For many, the key question is whether what works for China will also work for Africa. The African Union, a body that represents all 55 countries across the continent, is optimistic that it will. It has long made it clear that it is keen for China to partner with many of Africa's infrastructure and technology programmes.
Perhaps going some way to explain the Union's enthusiasm, Greg Mills, a South African economist, said: "Chinese contractors and businesses are willing to go to places and work in conditions that few in the West would contemplate."
Made in ChinAfrica
It's not just infrastructure deals, however, that are attracting Chinese investors to Africa. According to the World Bank, an estimated 86 million low-skilled manufacturing jobs are set to be outsourced from China, a consequence of the rising cost pressures caused by higher wage expectations. Ultimately, it is expected that Africa will be the primary beneficiary of this shift in labour demand.
Assessing this likely change, Mills said: "Low-tech, high-labour manufacturing cannot be done virtually and, as China moves up the development scale, Africa can realistically hope to meet this demand."
One sector where such a process is underway is the textile industry, with China having relocated some production facilities to Africa.
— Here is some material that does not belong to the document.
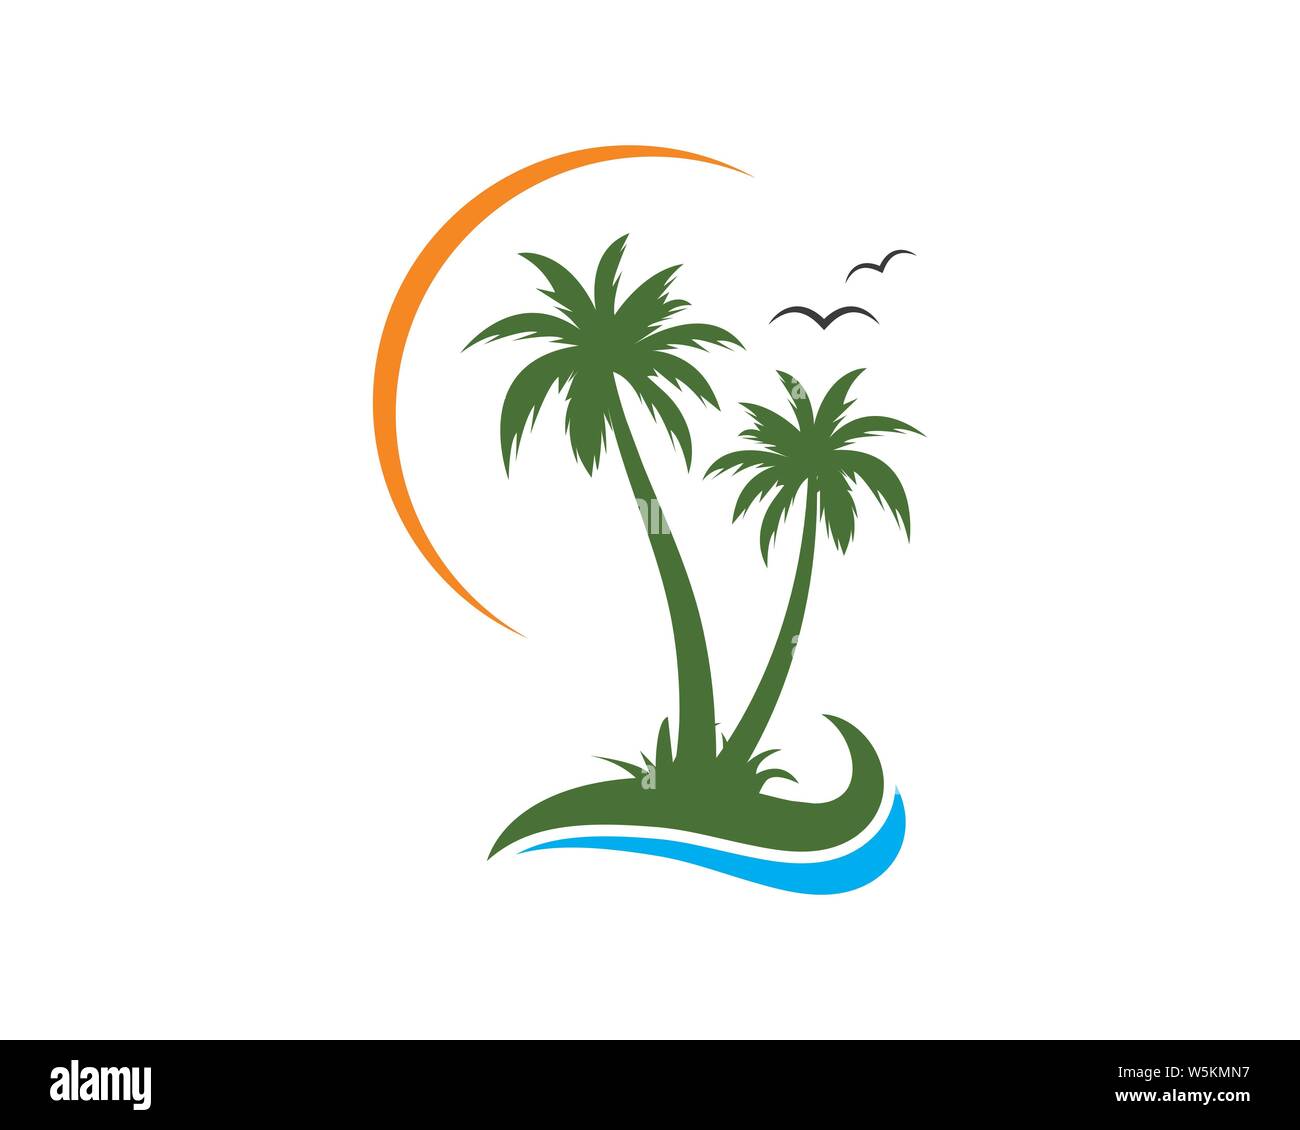 Palm tree icon of summer and travel logo vector illustration design Stock Photo

In particular, China has invested heavily in several large manufacturing projects in Ethiopia, with the East African country set to become the continent's garment manufacturing hub.
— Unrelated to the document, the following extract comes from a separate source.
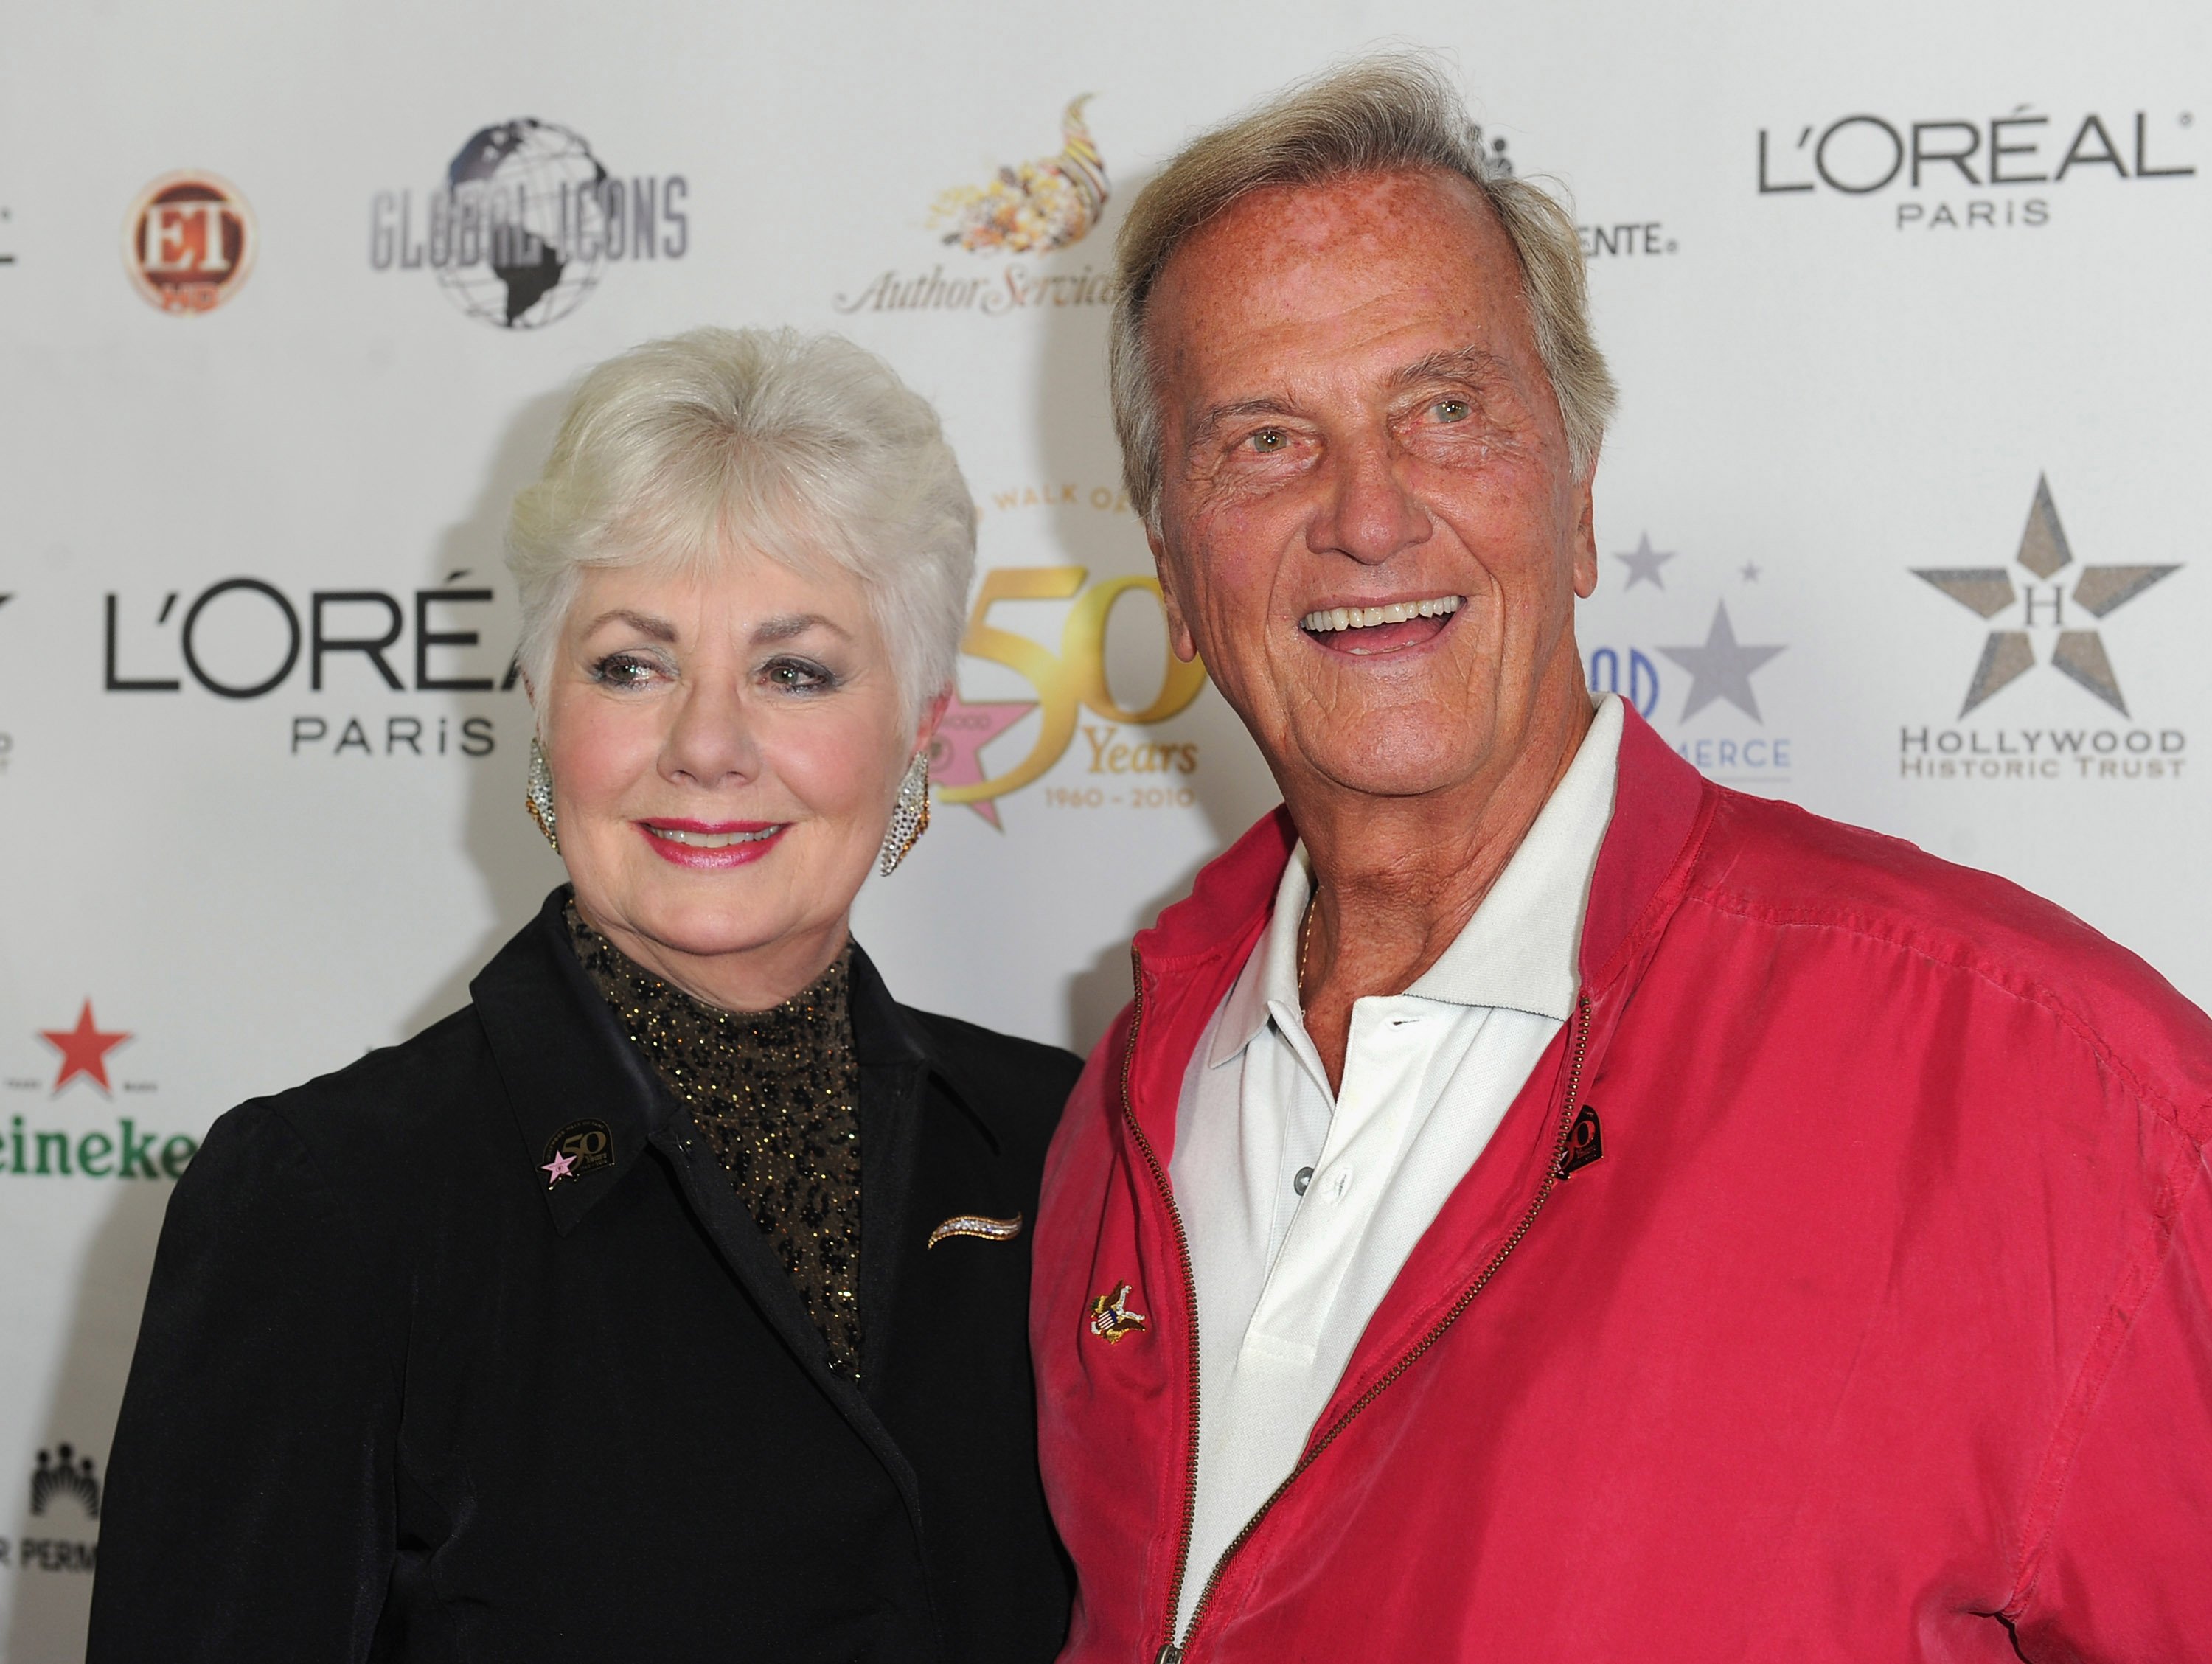 Actress Shirley Jones and singer Pat Boone arrive to the Hollywood Walk of Fame's 50th Anniversary Celebration on November 3, 2010 in Hollywood, California. | Source: Getty Images

Ethiopia is already one of Africa's fastest-growing economies, with the country having pursued a policy of deliberately keeping labour costs low in order to create a competitive advantage. One industrial park, near Addis Ababa, the nation's capital, now houses some 80 Chinese textile firms, all attracted by low or zero tariffs and cheaper labour – comparative industry wages are 15 times lower in Ethiopia than in China. The Huajian Group, a Zhejiang-based footwear manufacturer, has also invested heavily in a large plant in the park, which currently has more than 3,000 employees.
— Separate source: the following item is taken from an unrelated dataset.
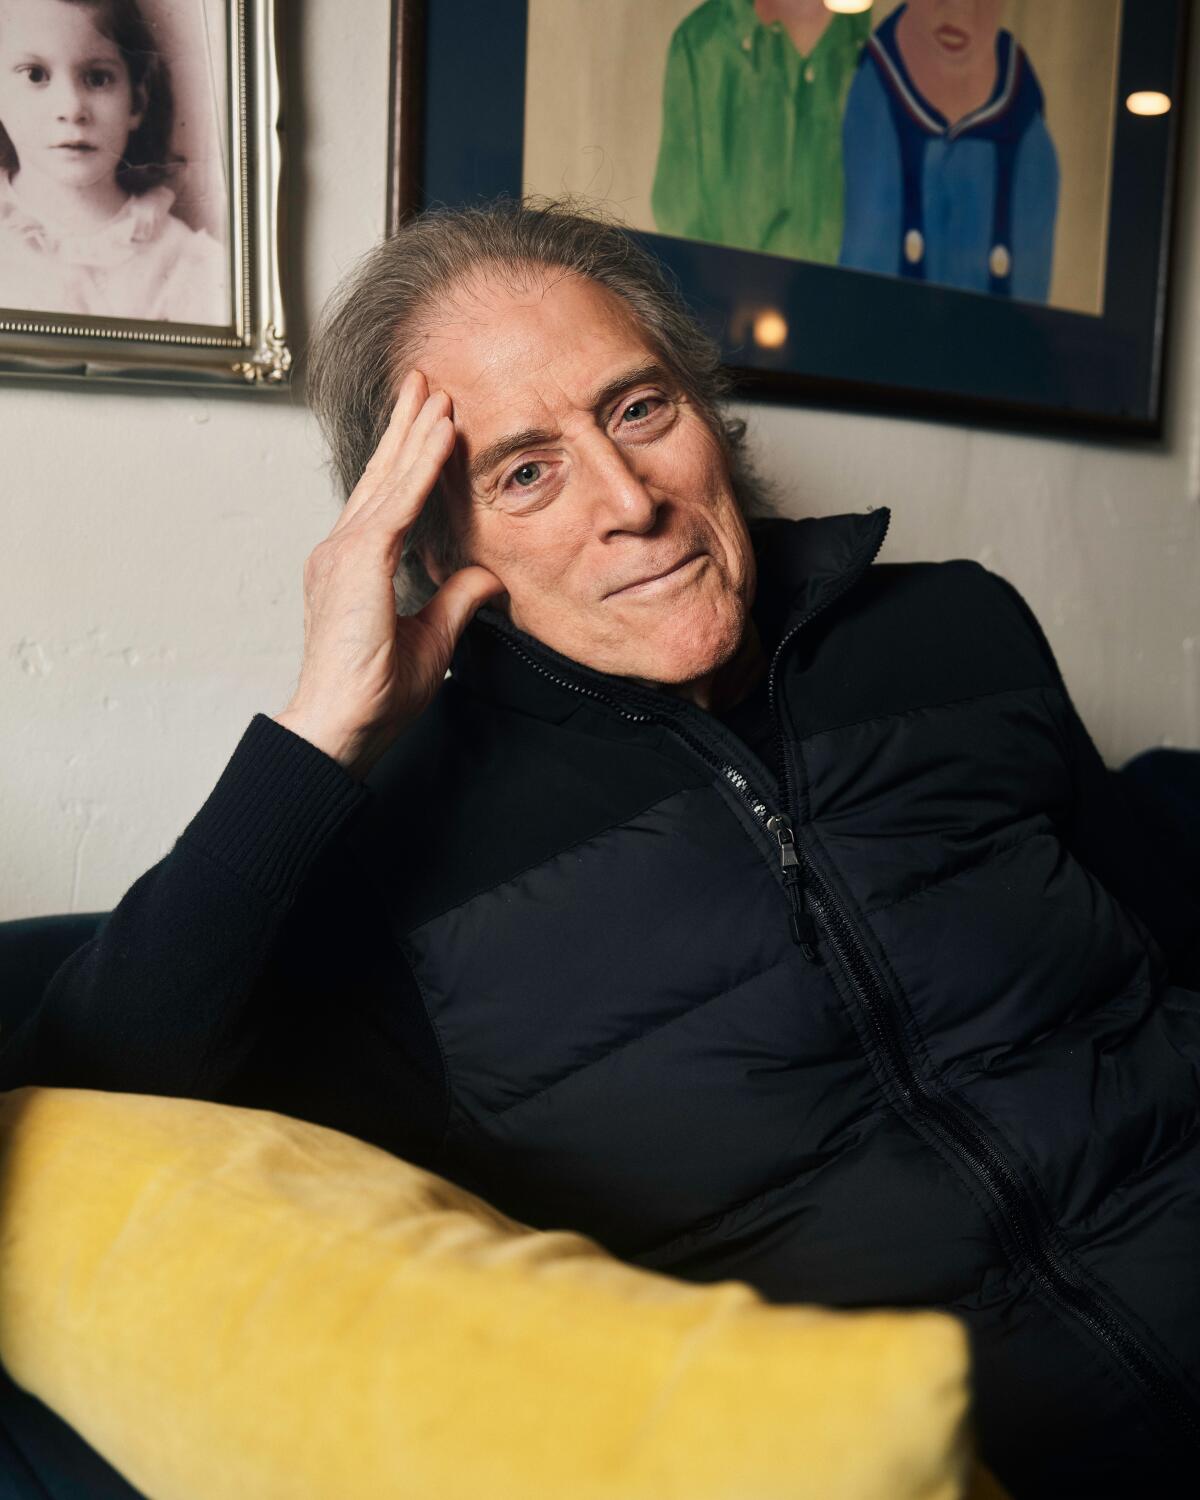 Richard Lewis sits in a yellow chair with his head resting on his hand

Overall, improved transport infrastructure – much of it funded by China – has led to manufacturing efficiency improving across Africa. Once landlocked Ethiopia, for example, now has direct access to a port following the opening of the Addis-Djibouti Line.
It should be no surprise then that several other African countries, notably Morocco, South Africa, Cameroon and Togo, are now said to be angling for Beijing's attention. Given that Chinese companies have already created some 600,000 jobs across Africa, it is pretty much inevitable that every country on the continent would look to capitalise on the possible spoils of the BRI.
For its part, China clearly believes that outsourcing some of its manufacturing requirements will help make certain African countries more self-sufficient. The naysayers argue, however, that China is taking advantage of cheap labour, demonstrating that it's indifferent to the repressive regimes and poor governance that characterise many of its partner countries across Africa.
Despite these concerns, it's indisputable that Africa needs to create a larger manufacturing sector if its economies are to achieve sustainable growth in a global environment where falling commodity revenues seem a long-term reality. It is also clear that China is looking to capitalise on this need.
Ultimately, as with all other investors, China wants to ensure it is getting a good return on its capital, a policy that is more than apparent in its approach to its African infrastructure projects. Highlighting this, Bruce said: "China does almost no work in Africa from which it does not derive some form of benefit, either political or economic."
As was the case with China several years ago, Africa is now keen to participate more fully in the globalised economy. For many, if the BRI can help boost development across Africa and drive economic activity, then that can only be a positive for the continent.